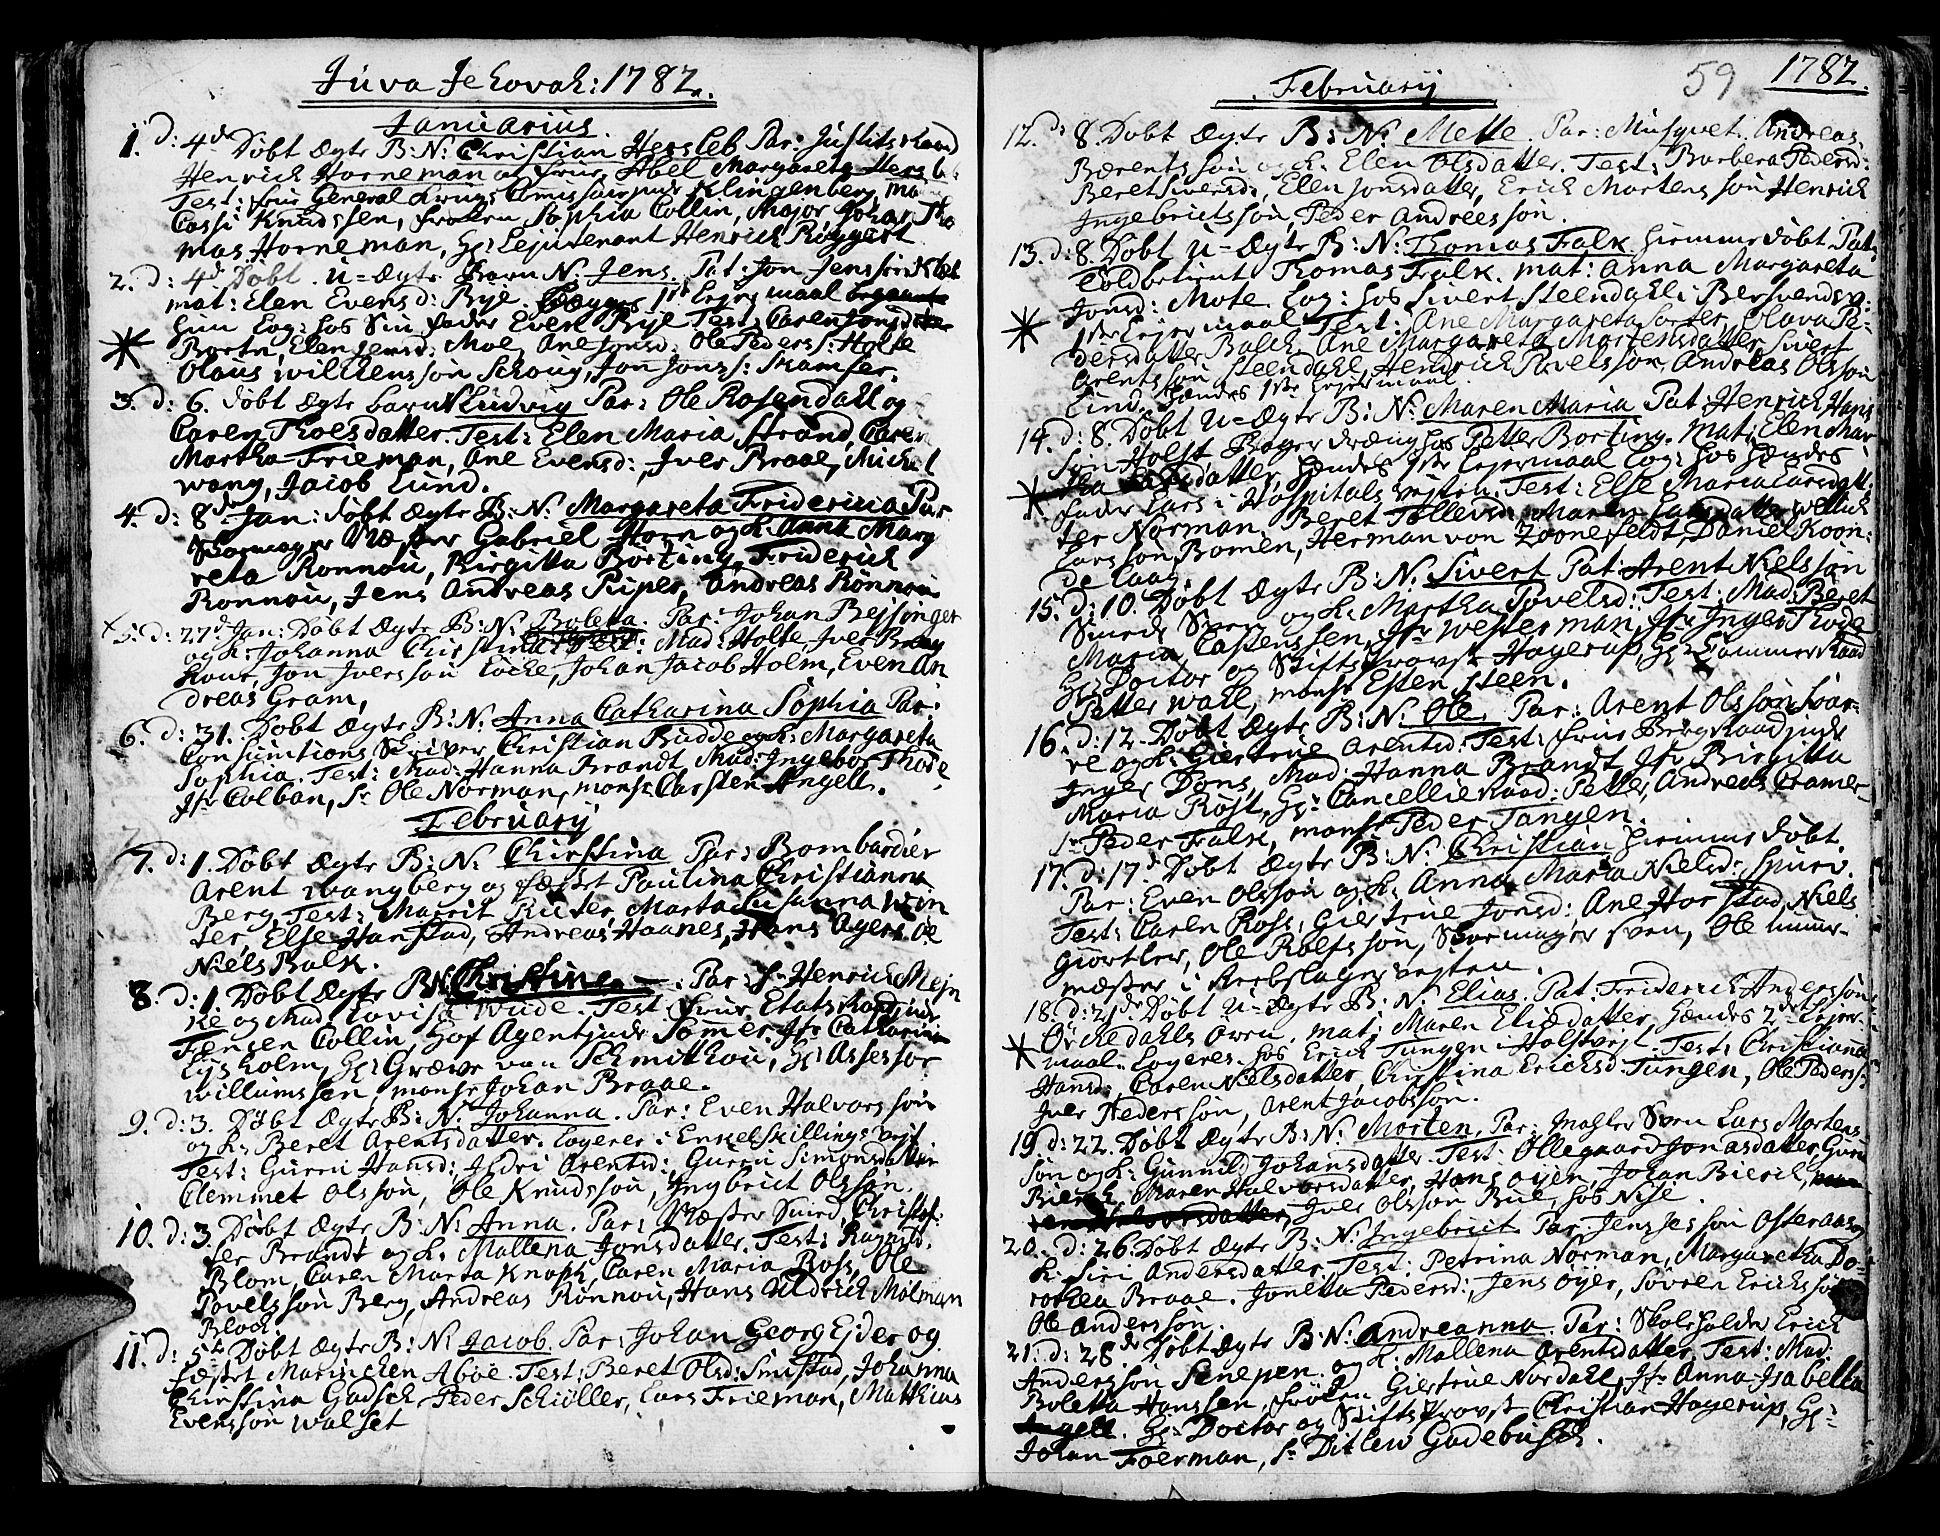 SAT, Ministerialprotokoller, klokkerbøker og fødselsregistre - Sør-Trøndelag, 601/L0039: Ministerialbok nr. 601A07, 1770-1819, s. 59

...

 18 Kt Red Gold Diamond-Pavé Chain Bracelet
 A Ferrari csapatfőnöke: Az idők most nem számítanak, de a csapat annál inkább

* WHAT IS EXPECTED:
Repeat word for word the lines above that run from the line containing "18 Kt Red Gold Diamond-Pavé Chain Bracelet" through the line containing "A Ferrari csapatfőnöke: Az", both ends included, and nothing else.

* REPLY:
 18 Kt Red Gold Diamond-Pavé Chain Bracelet
 A Ferrari csapatfőnöke: Az idők most nem számítanak, de a csapat annál inkább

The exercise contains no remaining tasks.